Scheinbar gibt es ne Möglichkeit mit BufferedOutputStream zu arbeiten, aber das habe ich leider nicht verstanden. Gibt es keine Möglichkeit einfach die Datei zu öffnen???

Besten Dank für eure Zeit und bitte seht es mit nach, falls ich mir die Geschichte mit "einfach öffnen" zu einfach vorstelle.......


----------



## bERt0r (20. Nov 2011)

Wenn du dir das so vorstellst wie in diversen Zip tools, wo du ein Archiv aufmachst und dann per doppelklick irgendwelche dateien aufrufst muss ich dich enttäuschen: das Programm packt die sachen erst aus und dann ruft es die ausgepackte Datei auf. Besonders wenn du diese Dateien dann noch von Drittprogrammen aufmachen lassen willst wirst du keine andere Möglichkeit haben.


----------



## speirs (20. Nov 2011)

Hi,

vielen Dank für deine Antwort. Du hast es auf den Punkt gebracht. Genauso habe ich mir das vorgestellt.  Ich konnte mir schon denken, dass ich es mir zu einfach mache.
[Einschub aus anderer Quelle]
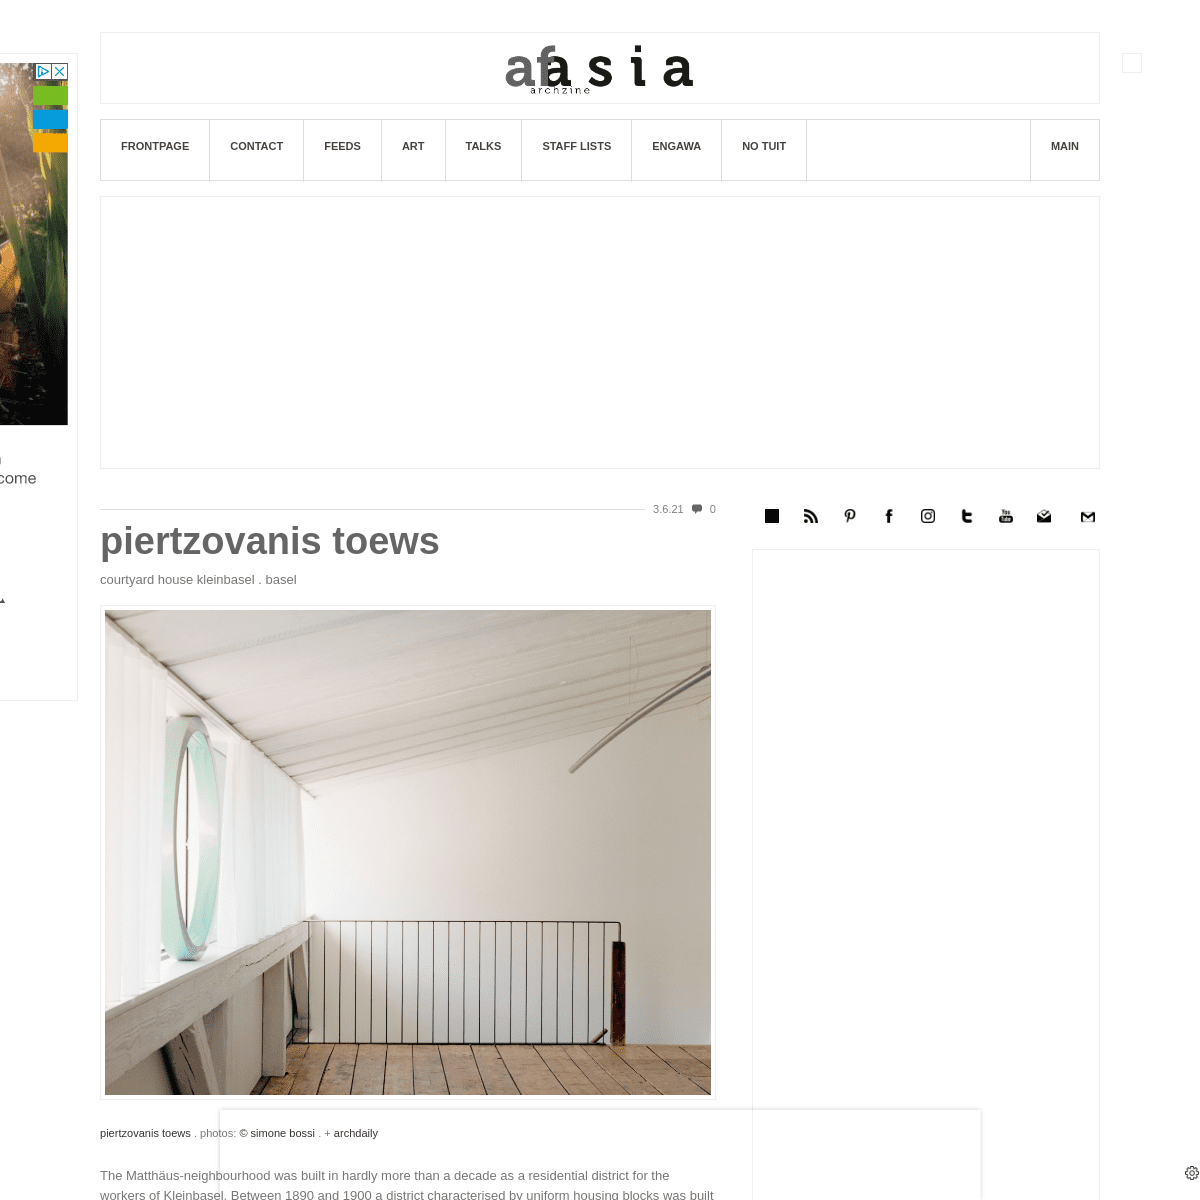 A complete backup of https://afasiaarchzine.com

Ich arbeite nun mit BufferedOutputStream, d.h. ich mache erste Versuche......

have a nice sunday......


thx


----------



## Guybrush Threepwood (20. Nov 2011)

Du kannst HTML aus Jar-Dateien direkt über die passende URL abfragen und in Deinem Programm anzeigen lassen (z. B. in einer JEditorPane). Die URL erhälst Du über über irgend etwas wie z. B.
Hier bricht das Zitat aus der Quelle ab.